By analyzing serum samples from the subjects, it was found that LINC01271 levels in the serum of osteoporosis were notably decreased compared to healthy individuals (P < 0.001, Fig. 1A). Notably, as shown in Fig. 1B, the ROC curve indicated that LINC01271 could differentiate between healthy individuals and osteoporotic patients, with an AUC of 0.886 (95% CI, 0.832–0.940), and sensitivities and specificities of 87.23% and 87.71%, respectively. Furthermore, serum LINC01271 levels were noticeably upregulated in patients with fragility fracture than the osteoporosis (P < 0.001, Fig. 1C). And LINC01271 levels increased with the healing time of fracture patients (P < 0.05, Fig. 1D).
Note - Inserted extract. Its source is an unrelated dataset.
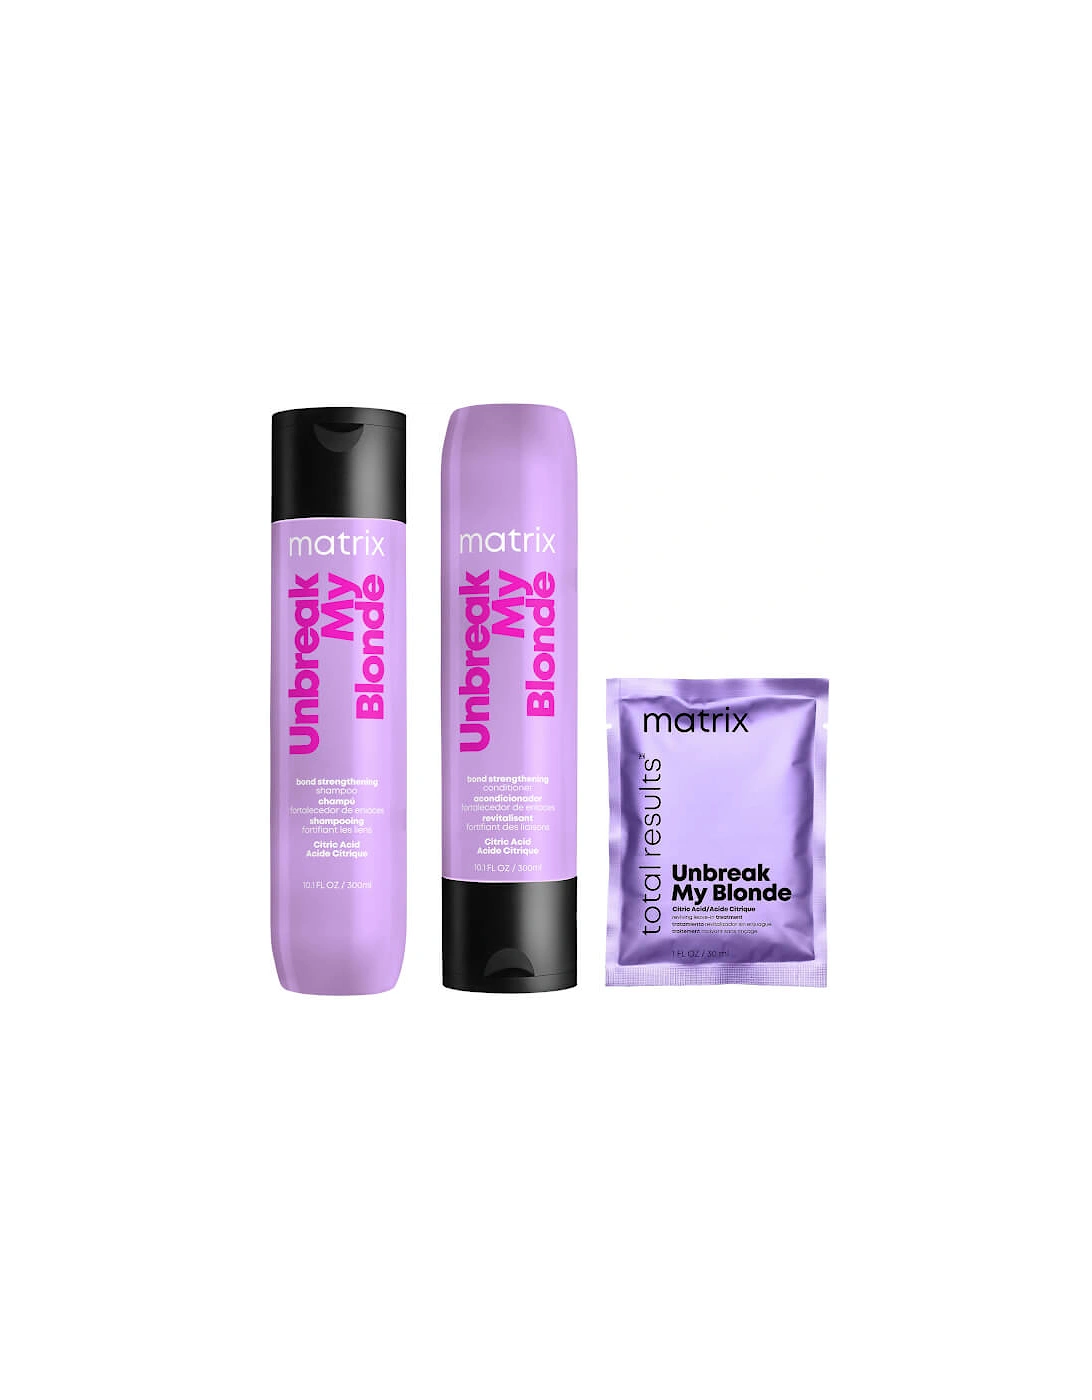 Unbreak My Blonde Shampoo 300ml, Conditioner 300ml + Mini Leave-in 30ml For Chemically Over-processed Hair (Worth £34.09), 2 of 1

Expression Levels of LINC01271 in Osteoporosis and Fragility Fracture Patients. (A) Reduced levels of LINC01271 in patients with osteoporosis. (B) ROC curves of LINC01271 in osteoporosis. (C) Reduced levels of LINC01271 in patients with fragility fractures. (D) Increased levels of LINC01271 in patients with fractures with healing time. * P < 0.05, **** P < 0.0001
Expression levels of LINC01271 in osteogenic differentiation of osteoblasts
As shown in Fig. 2A and B, the levels of osteogenic differentiation markers OCN, BSP, RUNX2-related mRNA, and ALP activity in hFOB1.19 cells significantly increased with the duration of osteogenic differentiation (P < 0.01). Meanwhile, LINC01271 levels in the cells exhibited a similar increasing trend with the duration of osteogenic differentiation (P < 0.001, Fig. 2C).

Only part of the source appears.